Por Pedro Miguel
En la Estrategia Nacional de Paz y Seguridad vigente está considerado un cambio de paradigma en materia de políticas públicas que incluya la regulación de la mariguana y de todas las drogas actualmente prohibidas, así como la sustitución de leyes y medidas punitivas por programas de prevención, atención y superación de las adicciones.
La regulación de la posesión y consumo de mariguana para uso recreativo es un paso adelante en materia de libertades y un logro para consumidores, quienes dejarán de ser criminalizados. La regulación de la siembra para autoconsumo, por otra parte, contribuye en alguna medida a debilitar la producción y el comercio ilegal de cannabis. Sin embargo, la normativa en discusión en el Senado plantea enormes dificultades para su aplicación desde una perspectiva policial y su ambigüedad abre un amplio margen a la discrecionalidad, la arbitrariedad y los abusos.
En el proceso legislativo se eludió el más básico de los aspectos del consumo de cannabis, que no es policial ni de salud, sino de ética social: la potestad del Estado para determinar qué sustancias pueden ser consumidas por los ciudadanos y cuáles no. A falta de argumentos racionales que justifiquen tal facultad, se dice que el propósito de la prohibición es combatir las adicciones. Desde una perspectiva de salud pública, igual de eficaz sería prohibir la hipertensión.
El aceptar la prohibición en esta materia conduce de manera inevitable a la hipocresía legal porque es inaplicable, no sólo en el caso de los estupefacientes actualmente penalizados, sino también en el de sustancias cuyo consumo abusivo deriva en graves problemas de salud pública: si la legislación antidrogas fuese racional, tendría que incluir entre las sustancias prohibidas el tabaco, el alcohol, los solventes, las bebidas a base de taurina, los antidepresivos de libre venta, la Coca-Cola y el azúcar refinada, a granel o como insumo de la industria alimentaria.

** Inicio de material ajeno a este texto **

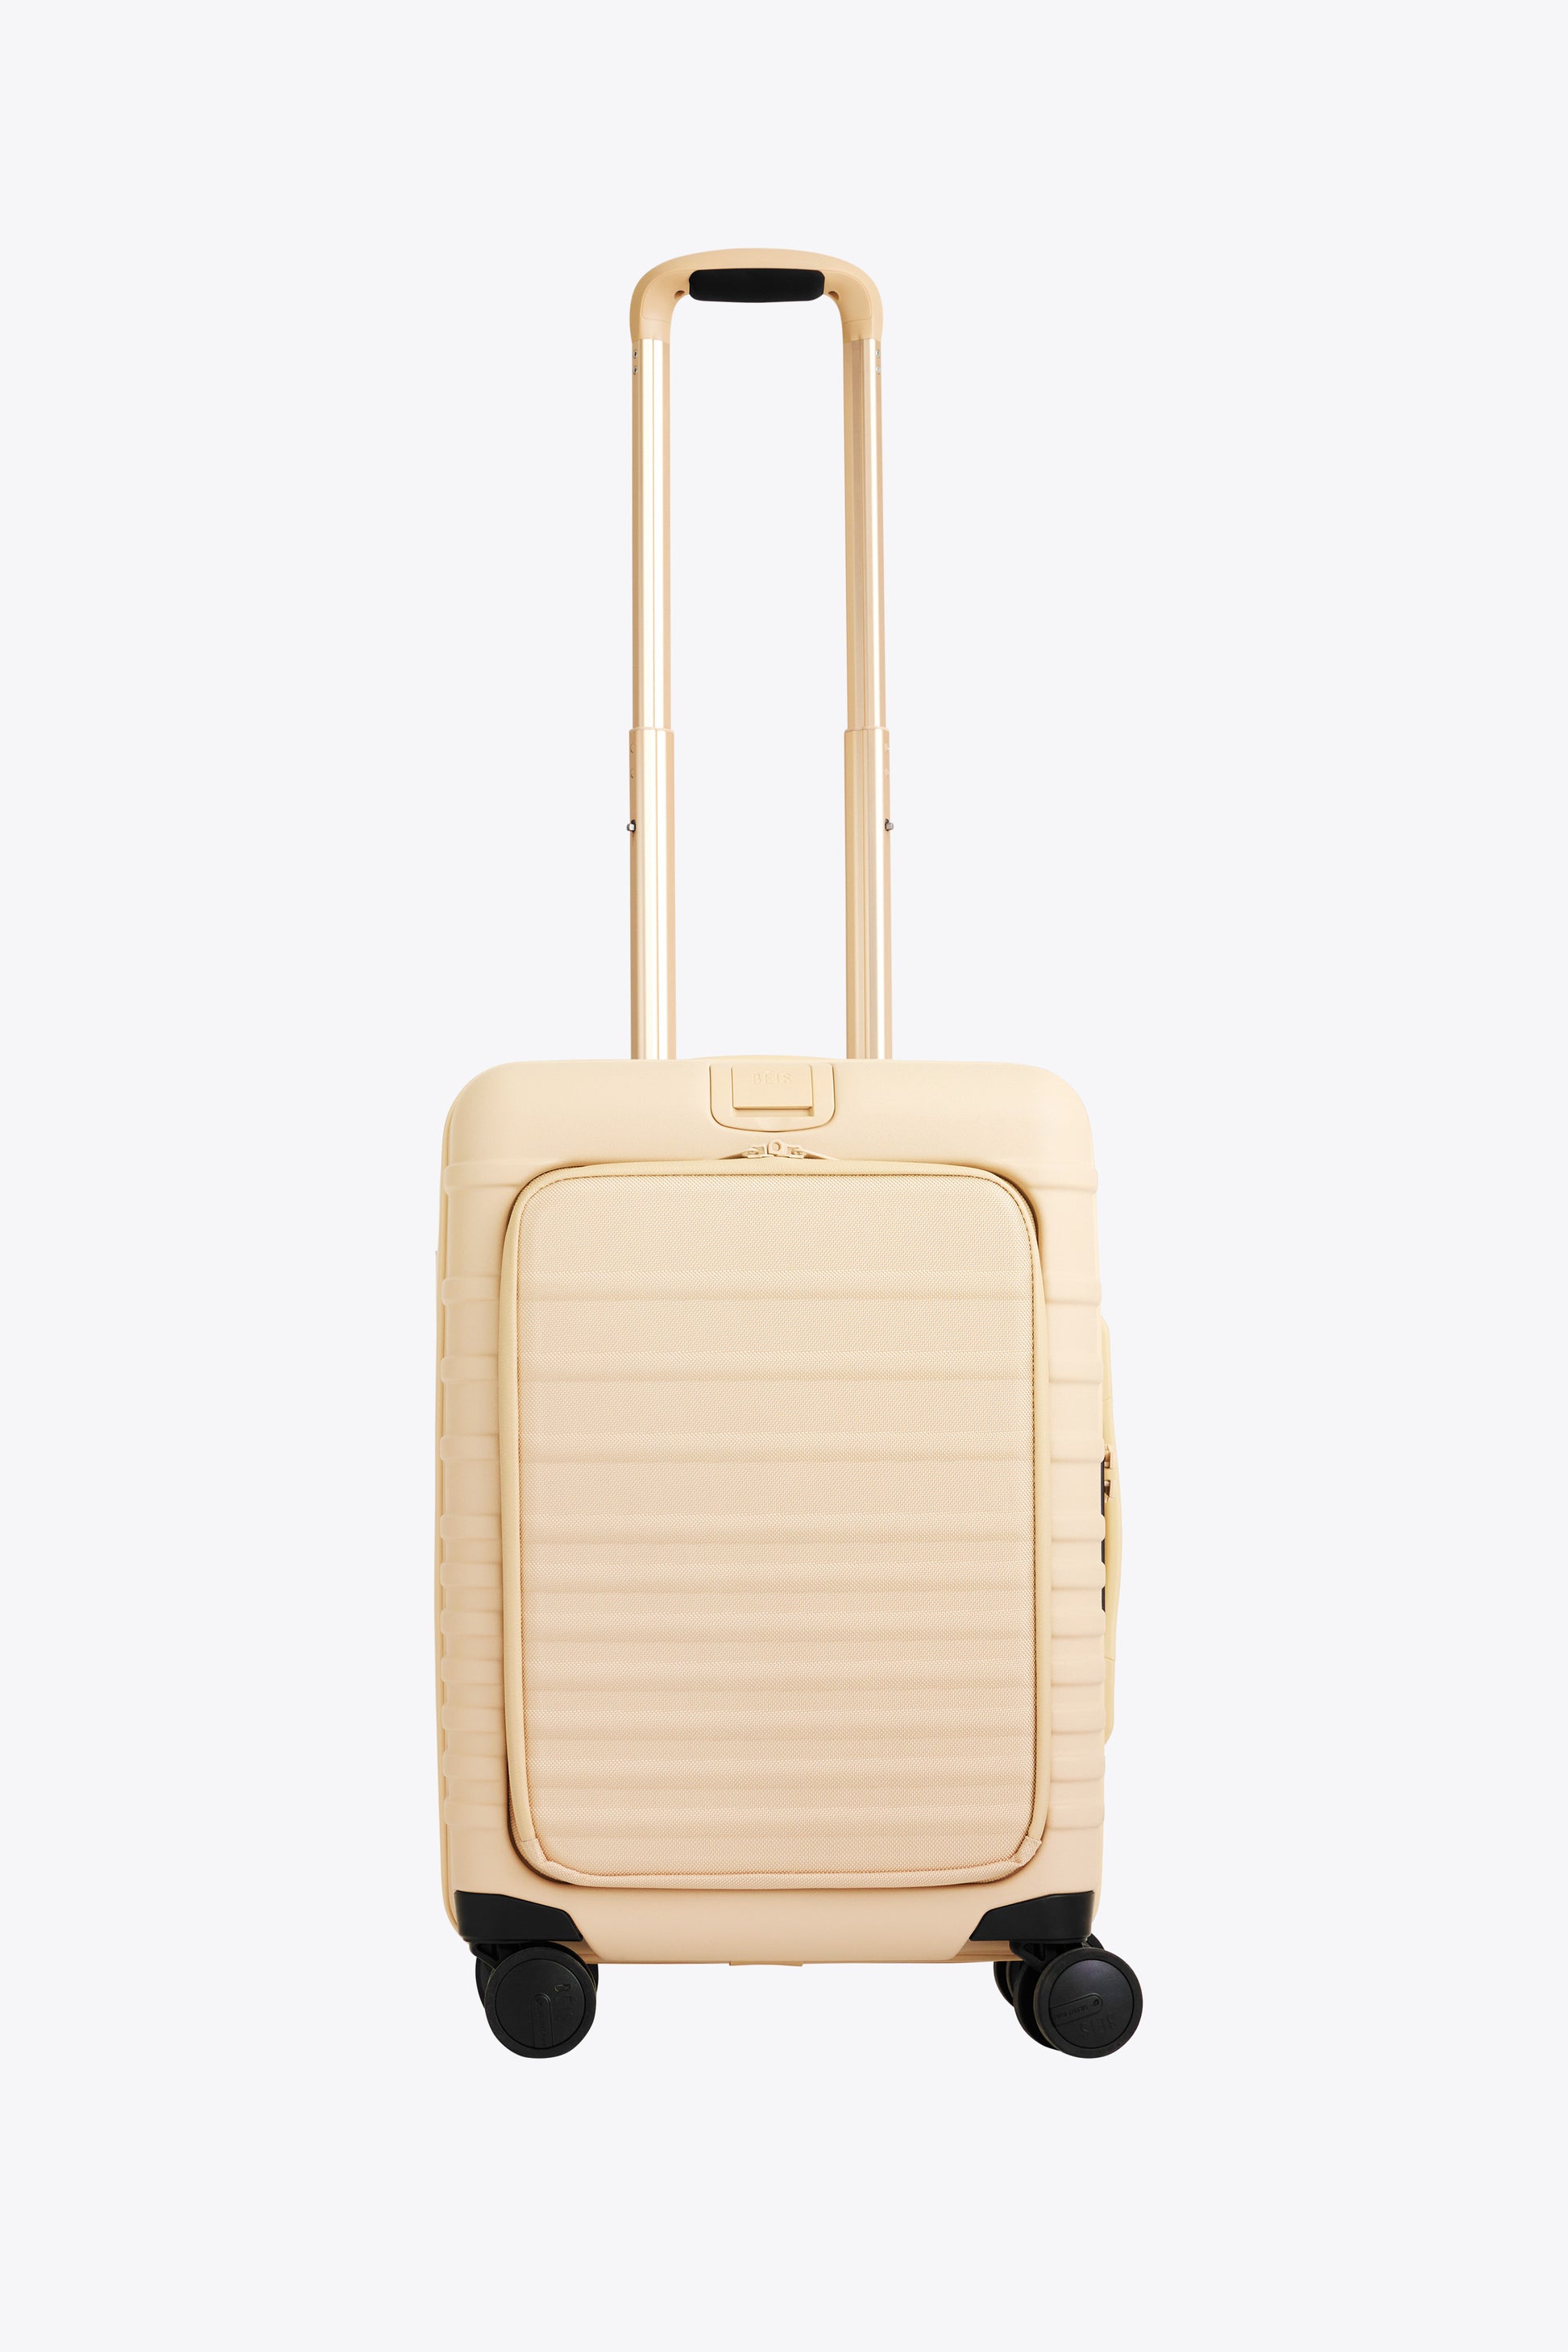 BÉIS 'The Front Pocket Carry-On' In Beige - Beige Carry-On Luggage With  Front Pocket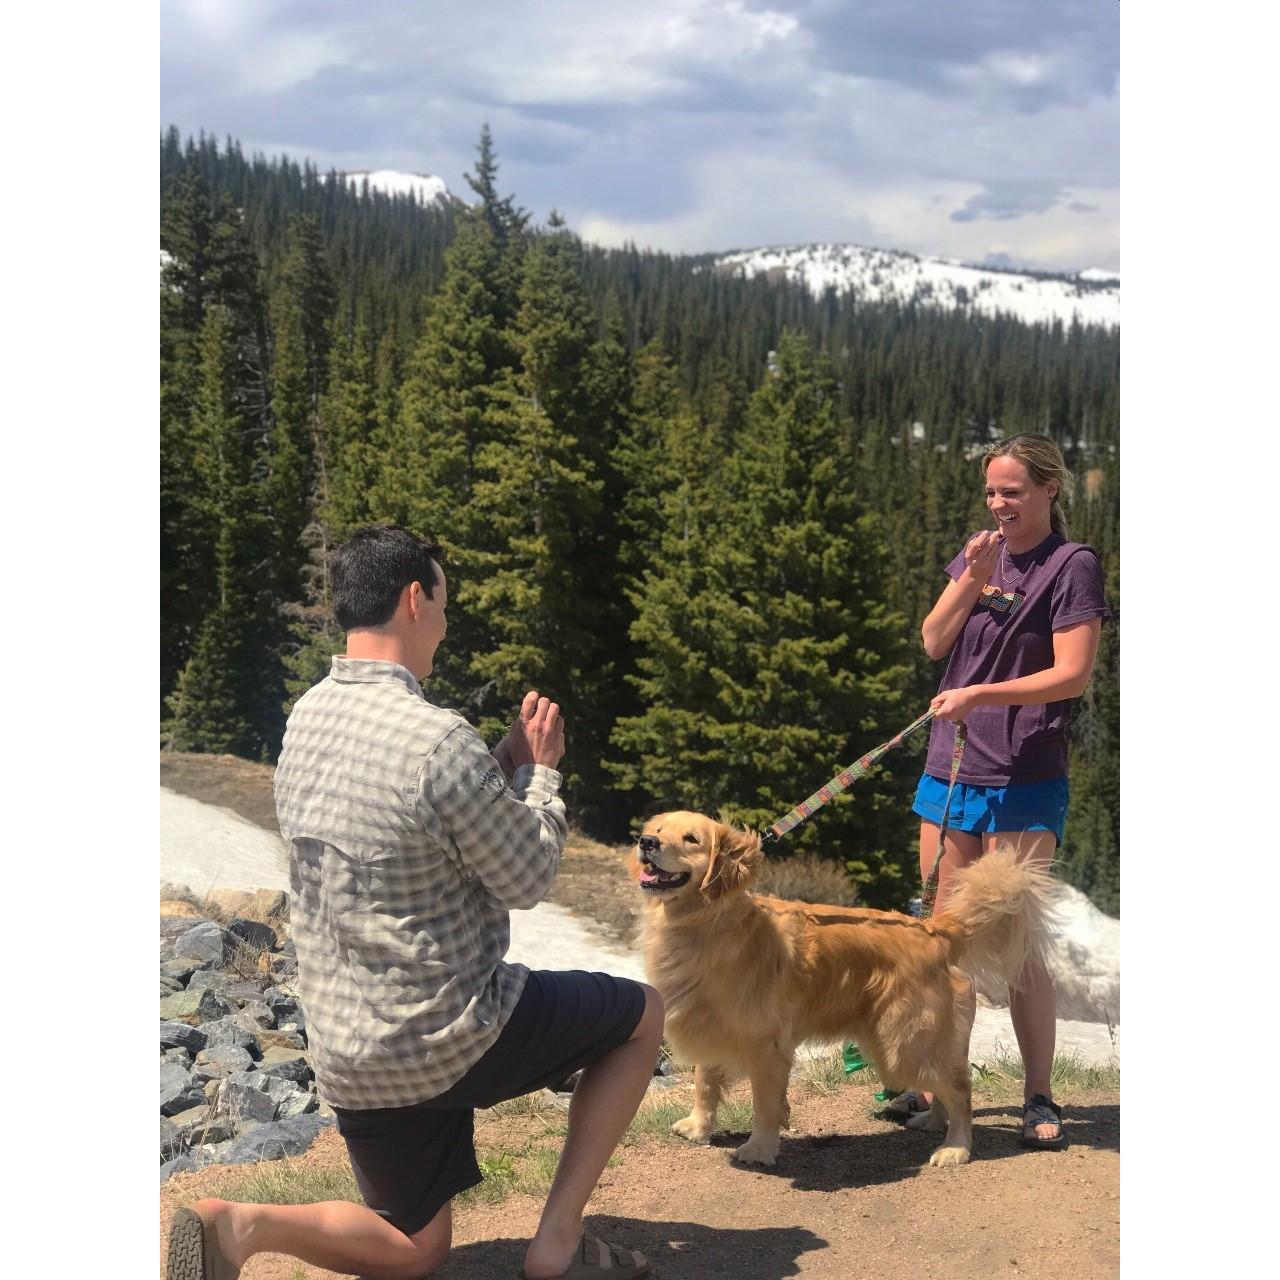 Liz said yes!  On the top of Berthud pass on the way to Steamboat Springs.  This is her favorite view in the Rocky Mountains :)

El narcotráfico, con toda la descomposición institucional y social que genera, es hijo de la prohibición. La degradación de los adictos, también. El surgimiento de nuevas y devastadoras drogas, también. La prohibición ha sido clave para convertir el trasiego de drogas en un sector de la economía y para hacer del narcotráfico uno de los principales generadores de empleo, de divisas, de corrupción, de muertos, heridos y presos. Regular o incluso eliminar la prohibición de un pequeño porcentaje del catálogo de sustancias ilícitas no incidirá de manera significativa en esa problemática; simplemente, confirmará la hipocresía del marco legal.
Sin embargo, la discusión legislativa se ha olvidado de lo sustancial para enfocarse en lo policial e incluso ha desembocado en un jaloneo por gramos de más o de menos. Ha soslayado el problema fundamental de si es o no correcto lucrar con lo despenalizado –todo lo que genera ganancias tiende a expandir su mercado– o si, por el contrario, la producción, la distribución y el consumo de cannabis deben verse como actividades inevitables pero susceptibles de ser mantenidas fuera de las lógicas comerciales y vistas, en cambio, como asuntos de interés público.
Regular ciertas modalidades de producción, comercio y consumo de mariguana no es hacer historia, sino hacer historieta. Es tiempo de poner sobre la mesa el necesario cambio de políticas públicas en materia de drogas: o se sigue por la senda contraproducente e hipócrita de la “guerra contra las drogas” (por más que se haya logrado evolucionar de esa barbarie a una suerte de “conflicto de baja intensidad contra las drogas”) o se asume la necesidad de acabar con el enfoque prohibicionista y se construye una estrategia de combate a las adicciones. Ambos enfoques no pueden ser complementarios; son, en cambio, mutuamente excluyentes.
Se ha dicho que el contexto internacional haría imposible una despenalización total y completa de sustancias, ya sea porque Washington pondría el grito en el cielo, porque México es signatario de instrumentos internacionales vinculatorios, porque no hay otra nación que haya dado semejante paso o por las tres razones. Ciertamente las condiciones externas complicarían, pero no harían imposible la decisión de acabar con la prohibición de las drogas hoy vedadas. Si por algo se ha podido calificar a México de potencia con presencia mundial es por la capacidad, habilidad y experiencia de su diplomacia, que en no pocas ocasiones ha convertido en propicias circunstancias que parecían trágicamente adversas.
En el fondo, la decisión es entre adoptar la visión conservadora, represiva y moralista según la cual nacemos con una inclinación al mal y que aconseja en consecuencia la prohibición y el castigo, o abrazar la perspectiva humanista que afirma que las personas son producto de sus circunstancias, su educación y su entorno, y en última instancia dignas y merecedoras de la libertad. Lo segundo sería hacer historia.